Closed levinas closed 9 years ago

levinas commented 9 years ago

It's the first time I see this job status:

ERROR:root:Traceback (most recent call last):
  File "/disks/arast/assembly/lib/assembly/consume.py", line 416, in callback
    self.compute(body)
  File "/disks/arast/assembly/lib/assembly/consume.py", line 257, in compute
    self.job_list_lock.release()
ValueError: semaphore or lock released too many times
levinas commented 9 years ago

There may be race conditions in how the job_list is managed. This is a separate run on a different server, but it seems related. It happened when two queued job started running at almost the same time when new workers became available.

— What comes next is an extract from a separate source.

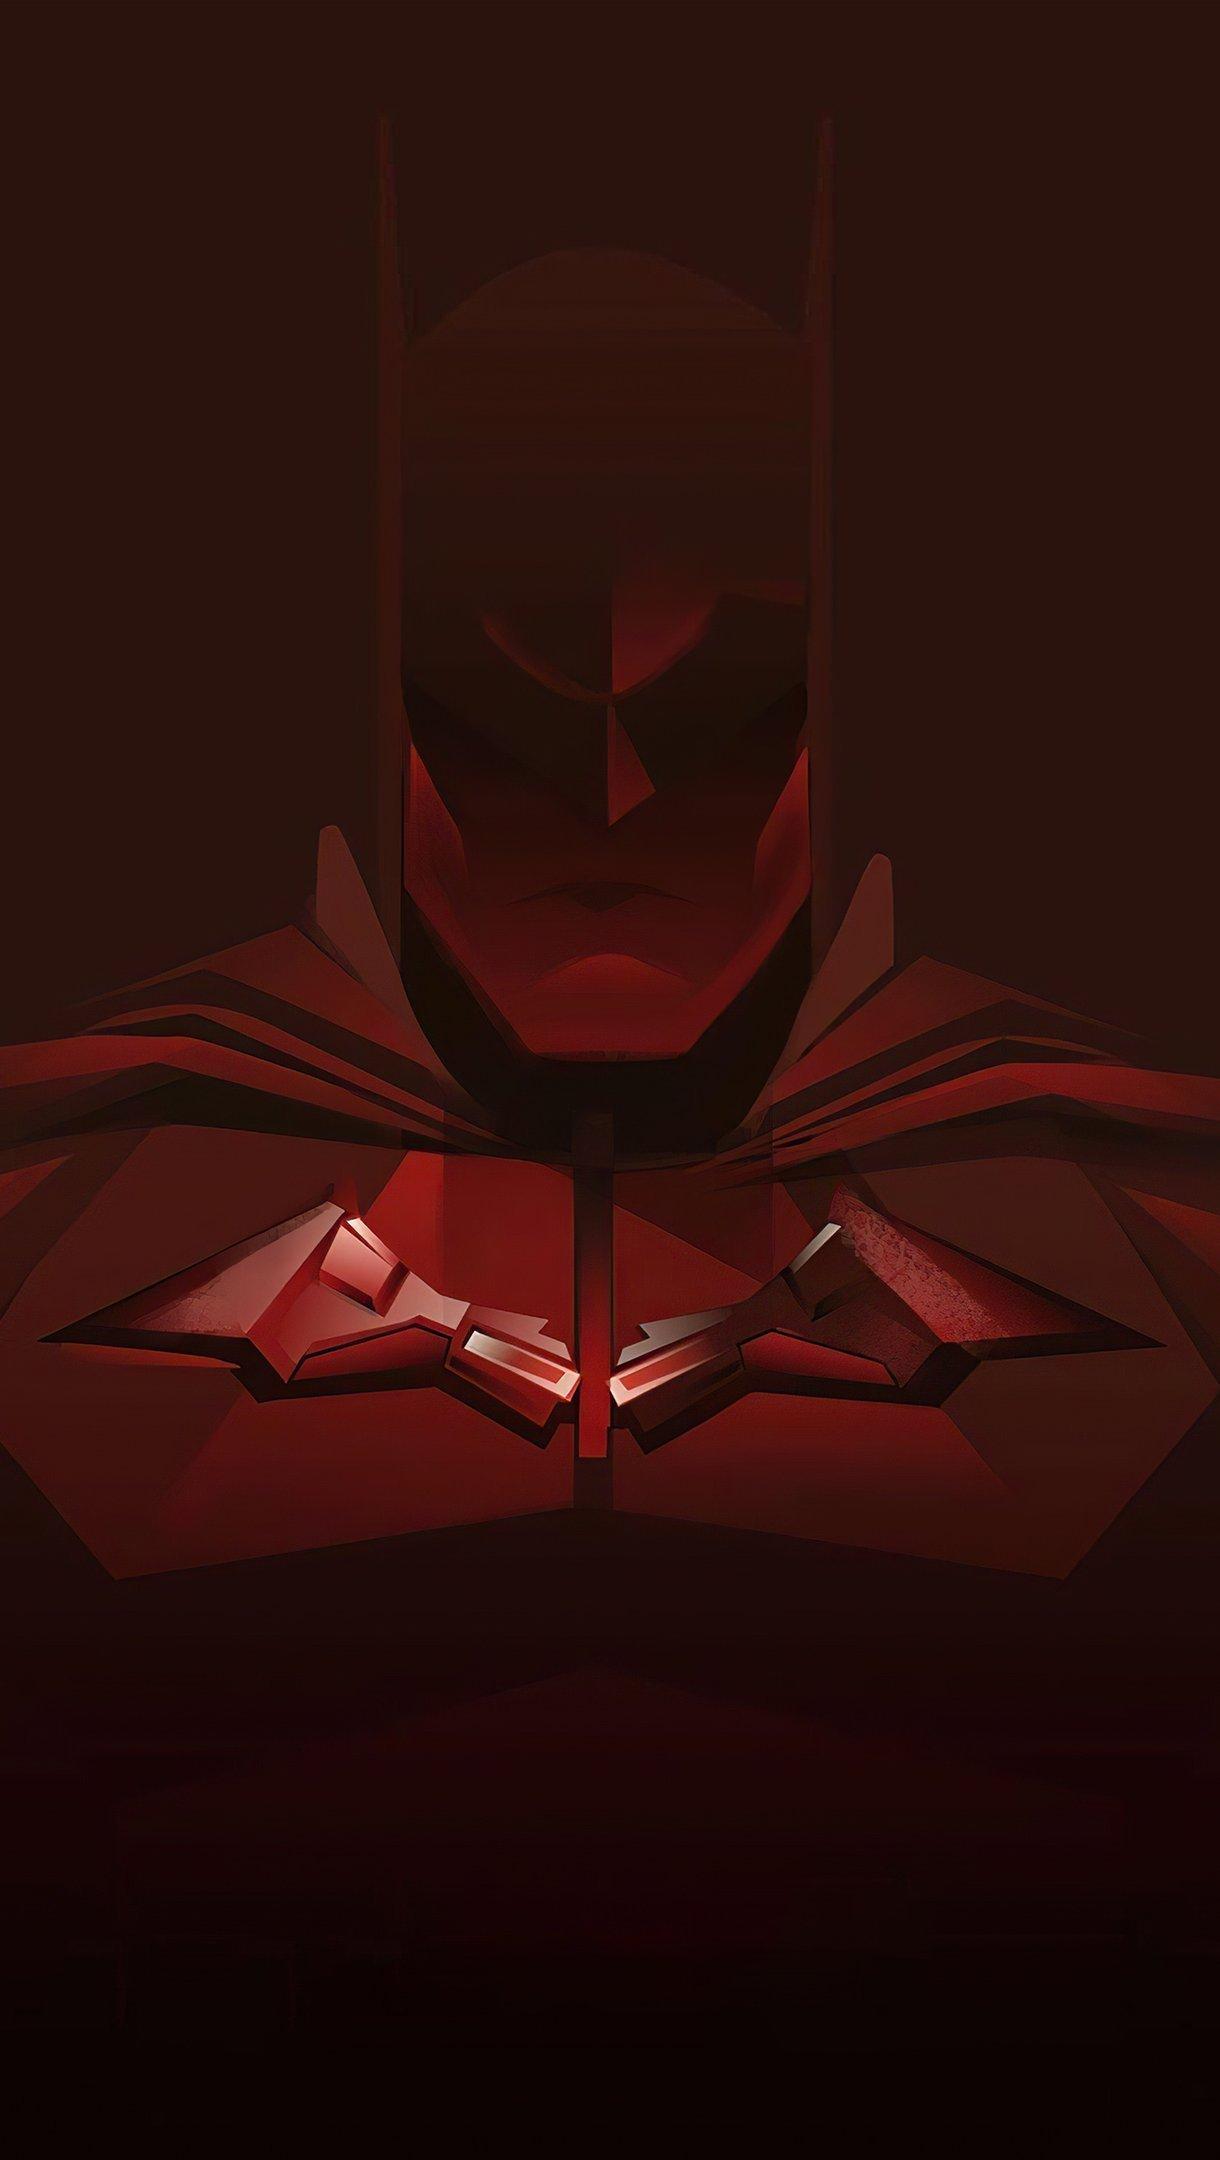 Wallpaper Red Batman Minimal Vertical

ERROR:root:Traceback (most recent call last):
  File "/space/arast/assembly/lib/assembly/consume.py", line 416, in callback
    self.compute(body)
  File "/space/arast/assembly/lib/assembly/consume.py", line 303, in compute
    self.job_list.pop(i)
  File "<string>", line 2, in pop
  File "/usr/lib/python2.7/multiprocessing/managers.py", line 774, in _callmethod
    raise convert_to_error(kind, result)
IndexError: pop index out of range
levinas commented 9 years ago

In the consume.py/compute() function, the lock is acquired before data download. I'm wondering if this is related to the cases I'm seeing where one big job is in "Data transfer" while others are "Queued".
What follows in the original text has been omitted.